Tesla’s Giga Berlin production facility will revolutionize the electric automaker’s presence in the highly-concentrated European electric vehicle market. While Tesla holds considerable advantages in EV tech, pricing, range, and performance, it holds another considerably important element that determines a company’s ability to control pricing: battery production. With Tesla planning to manufacture its newly-detailed 4680 cells at the Berlin Gigafactory within two years, according to Economy Minister Jörg Steinbach, the company is setting the stage to infiltrate the intensely-competitive European EV market with the best and most affordable electric cars on the continent in record time.
After being approved for a slice of the $3.5 billion assistance package for the development of Giga Berlin’s 4680 battery plant, Tesla is set in a prime position to dominate the European battery production market. CATL and BASF SE both have large-scale battery manufacturing projects in Germany already, but Giga Berlin’s plant could displace them as Elon Musk once said it could be the biggest in the world.
During the 2020 European Battery Conference in November 2020, Musk said:
“I think it will be the largest.
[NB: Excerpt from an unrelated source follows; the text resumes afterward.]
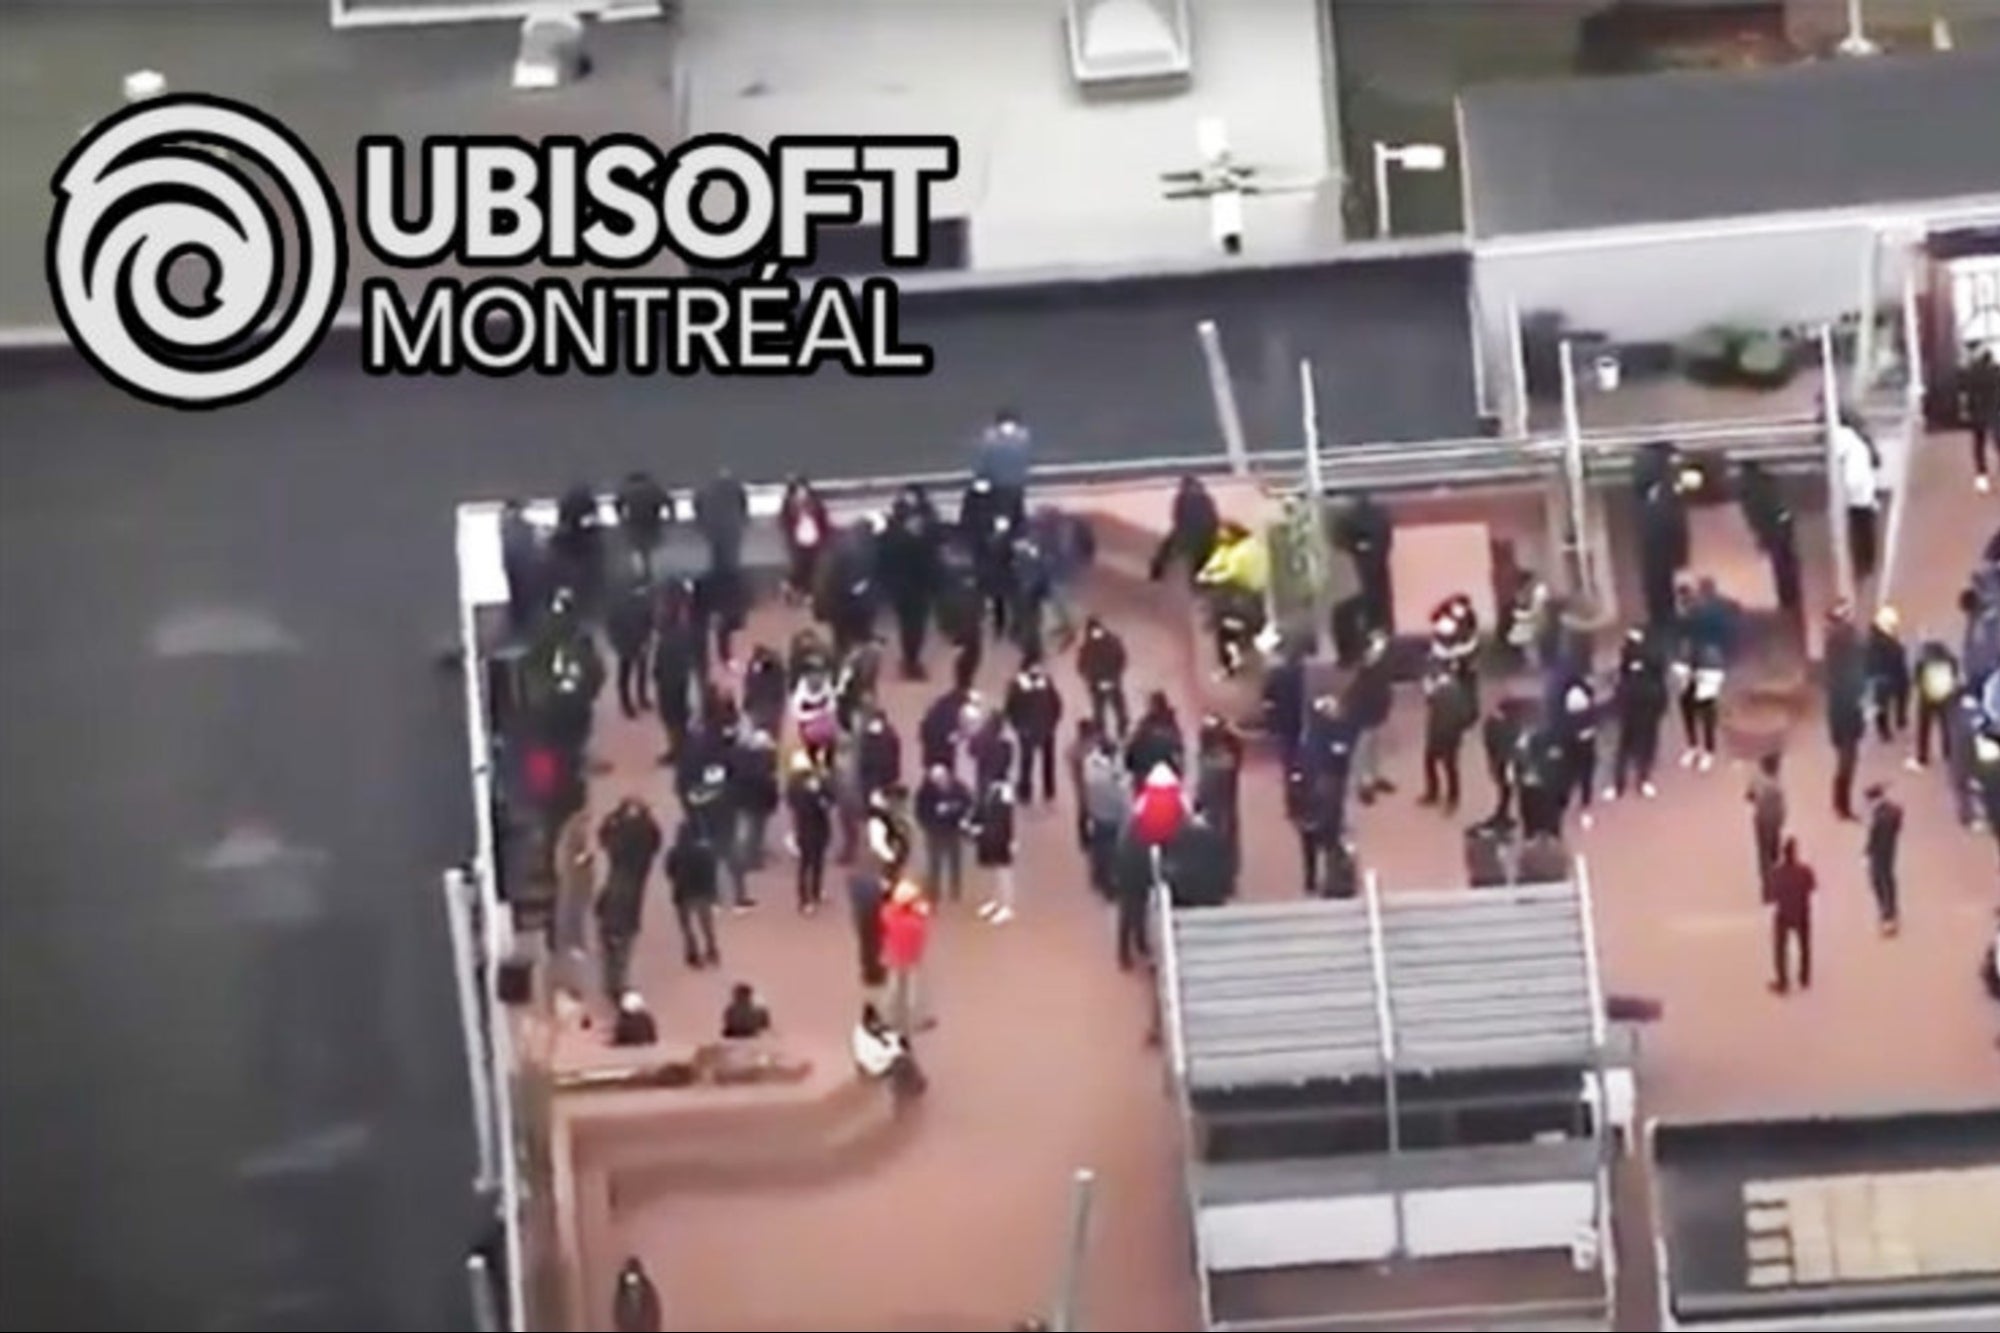 Hostage reported at Ubisoft offices in Montreal

It would be capable of over 100 GWh hours per year of production and then possibly going to 200 to 250. I’m pretty confident at that point it would be the largest battery-cell plant in the world.”
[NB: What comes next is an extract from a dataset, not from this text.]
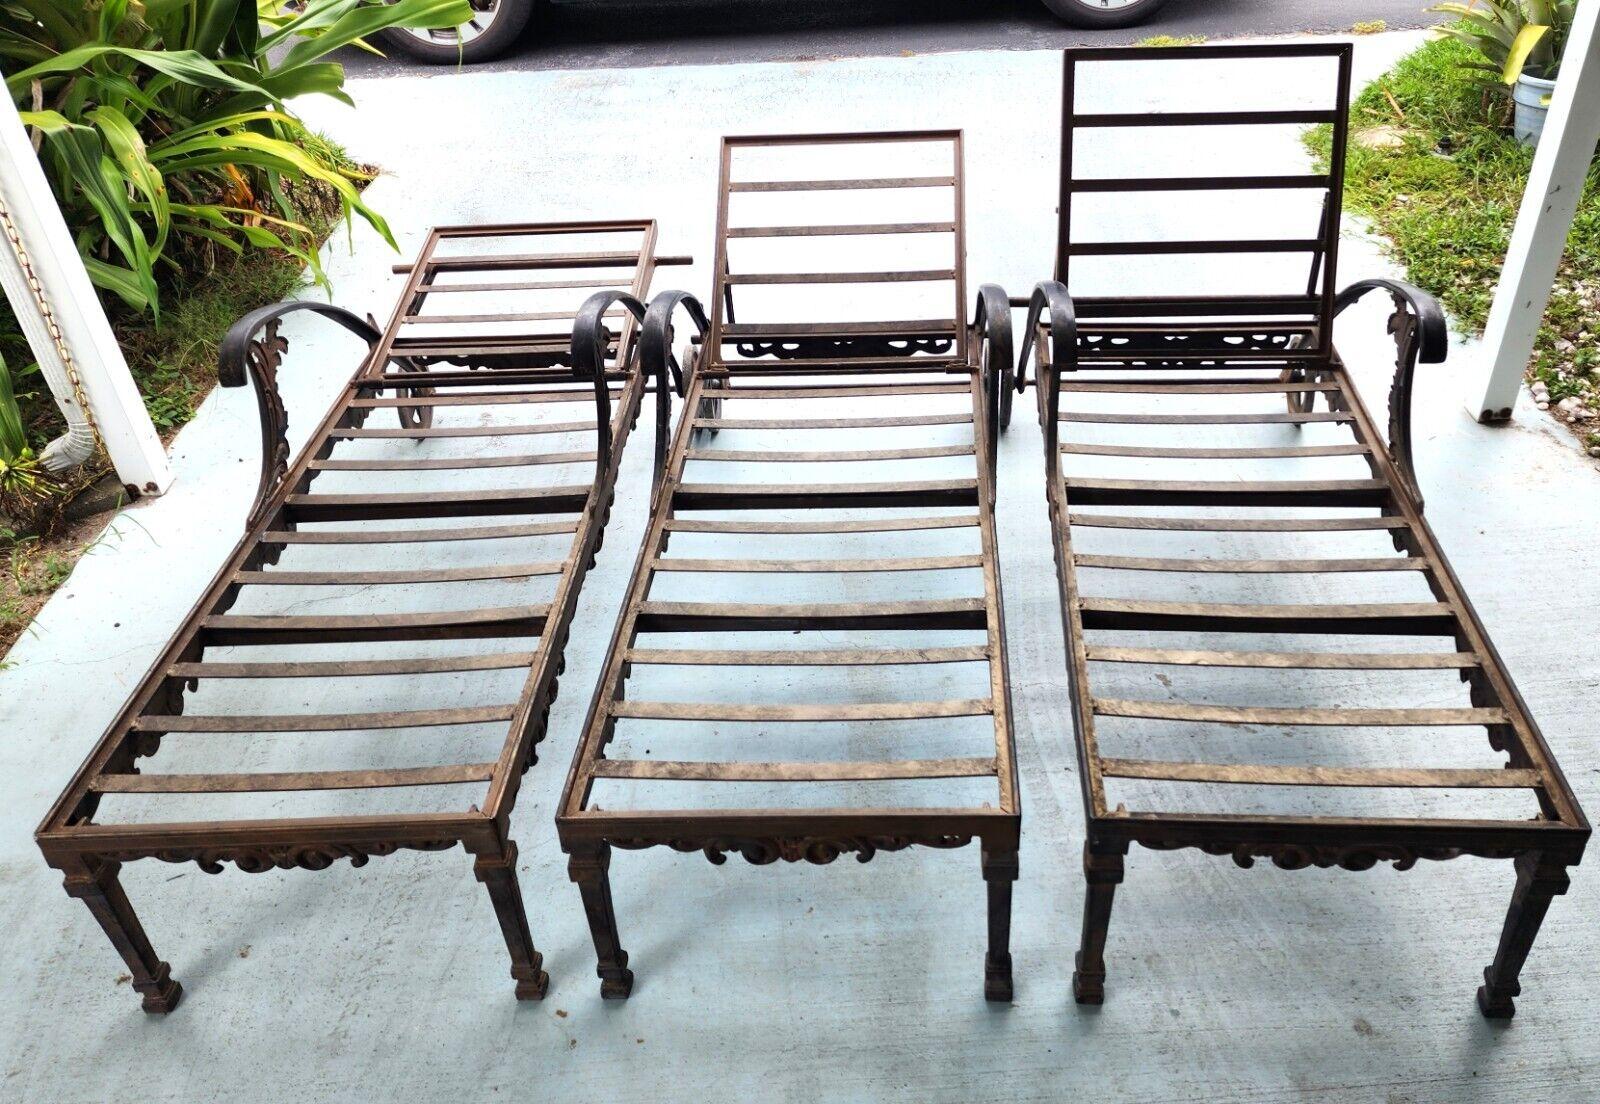 Vintage Chaise Lounges Outdoor Ornate Rustproof For Sale 3

And Tesla will need it. After coming off of a record year in deliveries and production figures, Tesla is continuing to ramp scalability as it tackles international markets for the first time in its history. After expanding to China with its Giga Shanghai plant, which began delivering cars in January 2020, Tesla had already started developing the Giga Berlin property by excavating the grounds and clearing obstacles that were there previously. Now, the factory is well underway and is expected to begin producing cars this Summer.
There still is no exact timeline for the 4680 battery plant, as it could take several years to figure out supply chain details from suppliers to Berlin. Tesla is also still figuring out the manufacturing processes of the 4680 cell at its Kato Road facility in Northern California. Elon Musk has said in the past that 4680 cells have been in working vehicles for some time, but at what scale? Only Tesla knows.
However, Jörg Steinbach, a vocal supporter of Tesla’s Berlin facility, now says the plant could open in two years, Bloomberg reported.
Despite regular hurdles to jump through, Tesla has had assistance from politicians all over Germany. With Steinbach’s support, another Economic Minister, Peter Altmaier, also extended his hand to the electric automaker, offering any help he can to expedite the factory’s construction. Environmental concerns, along with complaints from local citizens, have tied up Tesla from time to time at the factory. Still, construction has been moving along at an impressive rate since the official groundbreaking.
“You have to sometimes translate the culture of our approval procedures, which are also strongly influenced by environmental protection,” Steinbach said.
It is crucial for Tesla to open Giga Berlin so it can expand its outreach in the most EV-concentrated region on Earth. Steinbach says he is “totally relaxed” regarding the plant’s ultimate approval. He still expects EVs to roll off the line in July.
After the 4680 cell plant does open, Tesla will be able to scale-back costs of its EVs. Currently buying many cells from third-party suppliers, Tesla will still do that for the foreseeable future, according to Musk. However, creating more battery cells will decrease the shortage of batteries, making them less expensive and, at the same time, decreasing the price of Tesla’s cars. Because of this important point, the 4680 facility is of utmost importance.
“This project is given top priority,” Steinbach said.